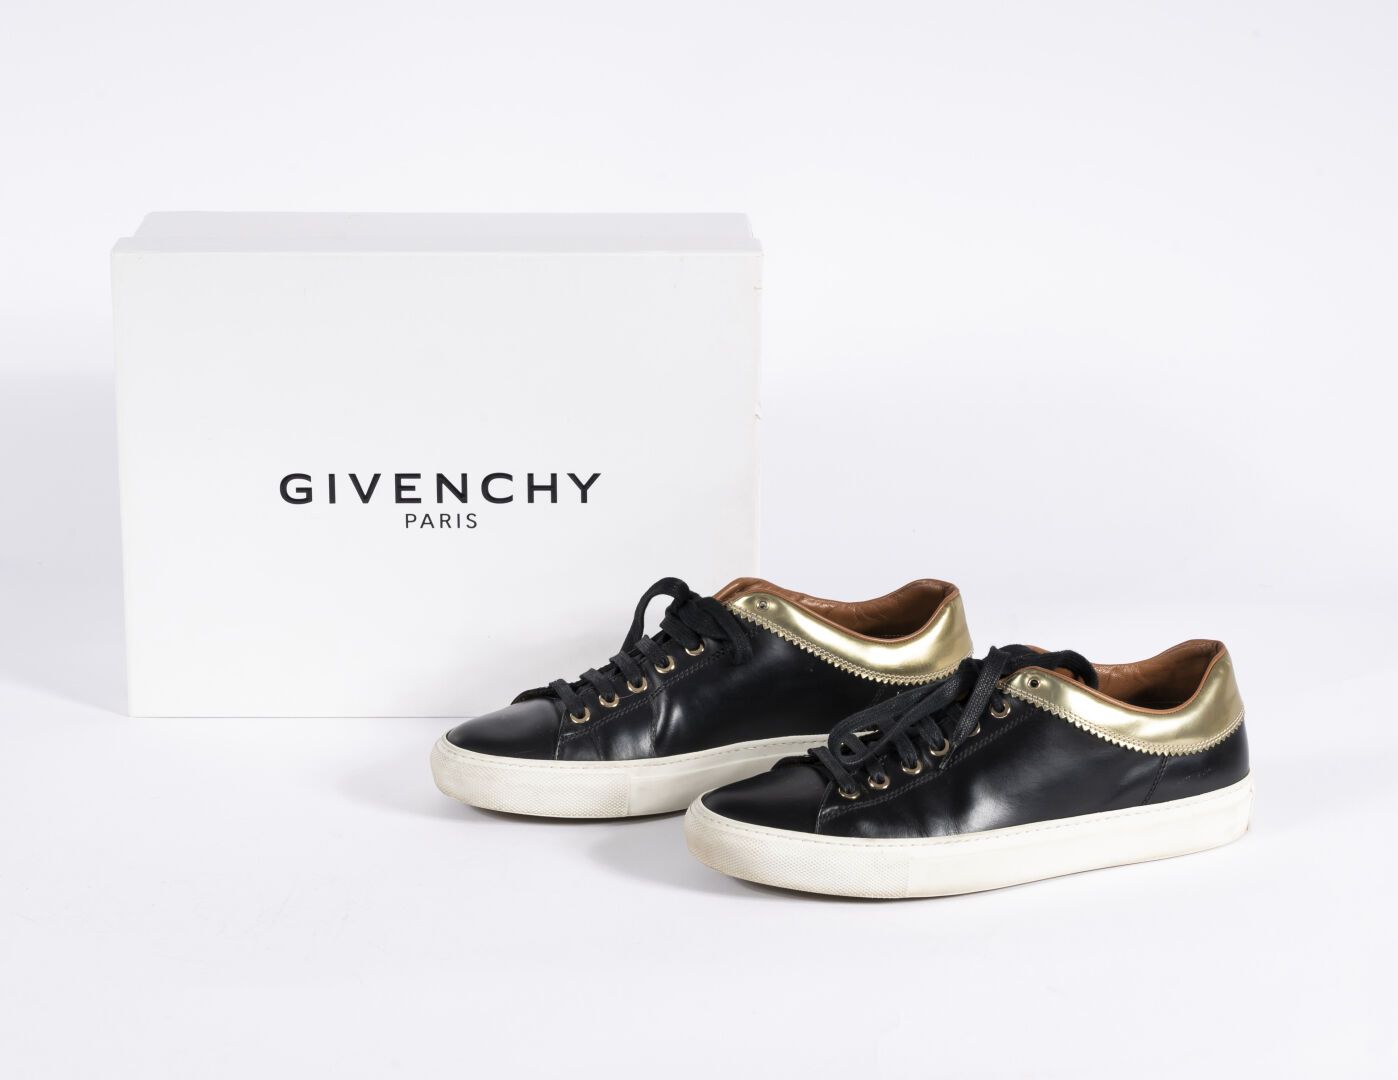 GIVENCHY Pair of black and gold patent leather sneakers
Size 40

Good condition,&hellip;

--------------------------------

#### [Task to carry out]
Please repeat the listing precisely, excluding the pictures it contains.

#### [Solution to the problem]
 GIVENCHY Pair of black and gold patent leather sneakers
Size 40

Good condition,&hellip;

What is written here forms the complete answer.